12 The domain x = 0 to x = 0.9 corresponds to z = 0 to z = sin−1(0.9) = 1.12. The largest x shown, x = 1, corresponds to z = sin−1(1) = π/2 = 1.57.
13 I happen to be using Sterne (1960, §1.3) here.
14 The semi-latus rectum is related to the semi-major a by L = a(1 − e2) for both an ellipse and an hyperbola if we adopt the convention that a is positive for an ellipse and negative for a hyperbola.
15 The details: If the trajectory is a parabola with semi-latus rectum L, then the distance to the sun at perihelion is L/2. For a very eccentric ellipse or hyperbola, e is close to 1; that is e = 1 − ε, where ε is small. (It is positive for an ellipse and negative for an hyperbola.) Hence 1 − e2 = 1 − (1 − 2ε + ε2) ≈ 2ε to first order. Hence the semi-latus rectum L = a(1 − e2) ≈ 2aε. The distance to the sun at perihelion is a(1 − e) = aε ≈ L/2, which agrees with the parabolic case.

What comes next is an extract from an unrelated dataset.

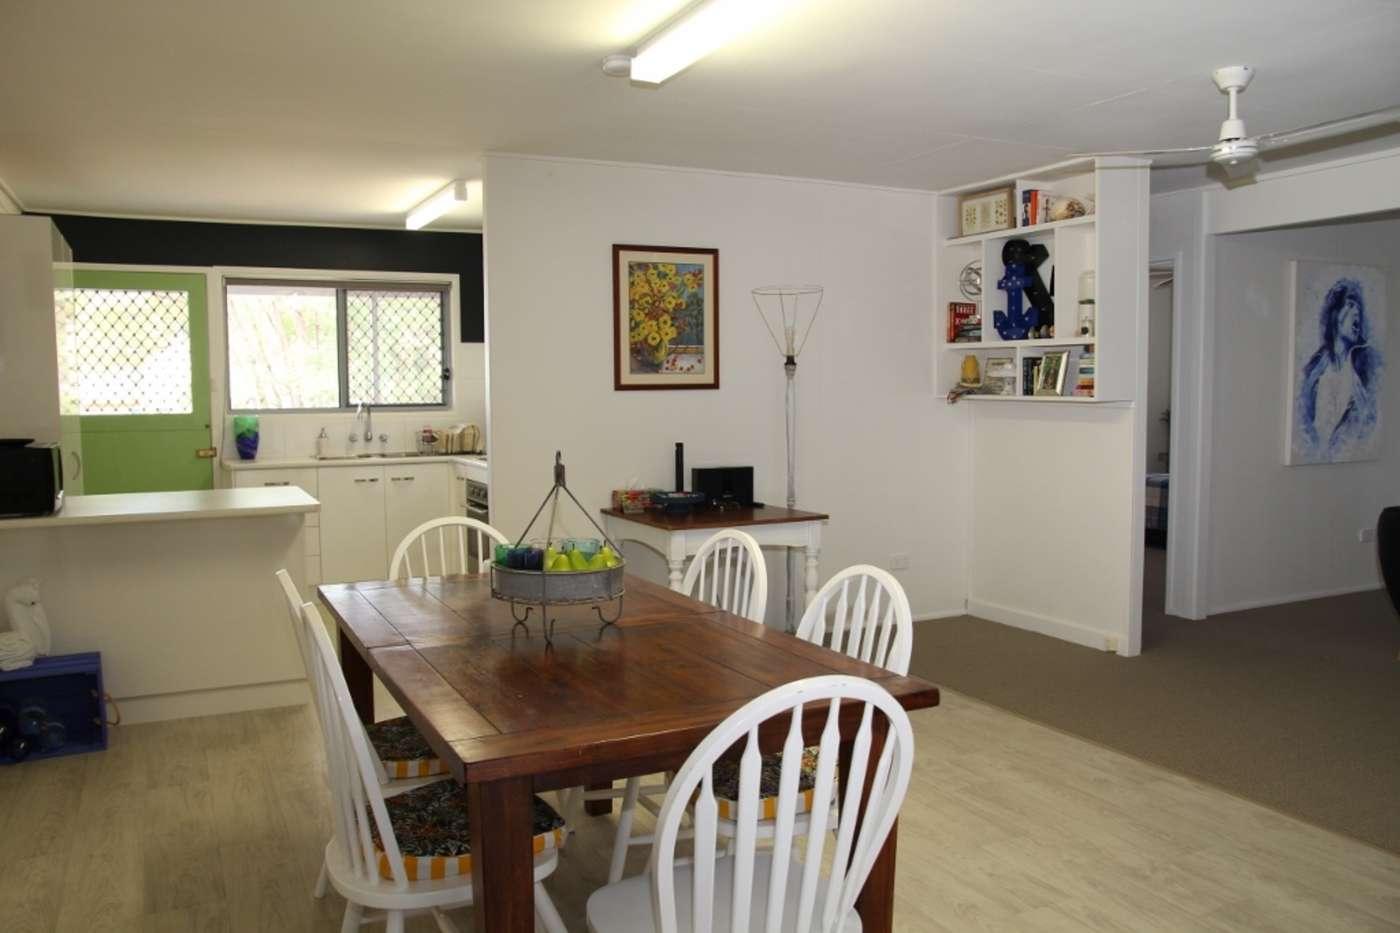 Main view of Homely unit listing, 1/20 Murray Street, Woorim, QLD 4507

16 The inclination and longitude of the ascending node locate the orientation of the orbital plane holding the ellipse in relation to the reference plane, which is usually the ecliptic. The argument of the periapsis locates the orientation of the orbit’s major axis in the orbital plane. Finally, the mean anomaly at epoch fixes the position of the planet in its orbit at one time. (If that position is known, the dynamics of gravitation theory can be used to determine its position at other times.)
17 Our moon’s motion is greatly perturbed so that this approach is less successful for it, and other methods are used in the historically troublesome lunar theory. See Brown (1896, p. 66).
18 Or so Airy (1884, p. 113) reported.
19 The continuation of this episode, including Einstein’s successful account of the motion of Mercury, is discussed further in the chapters on inference to the best explanation.
20 For further discussion of these harmonic components, see Shureman (1958, pp. 39–48).
21 Amplitude is measured in feet, phase in degrees, and speed in degrees per hour. Source: http://tidesandcurrents.noaa.gov/data_menu.shtml?stn=8575512%20Annapolis,%20MD&type=Harmonic%20Constituents. Accessed August 10, 2012.
22 The height predicted is above MLLW = mean lower low water. Source: http://tidesandcurrents.noaa.gov/noaatidepredictions/NOAATidesFacade.jsp?timeZone=2&dataUnits=1&datum=MLLW&timeUnits=2&interval=6&Threshold=greaterthanequal&thresholdvalue=&format=Submit&Stationid=8575512&&bmon=08&bday=07&byear=2014&edate=&timelength=weekly. Accessed 10 August 2012.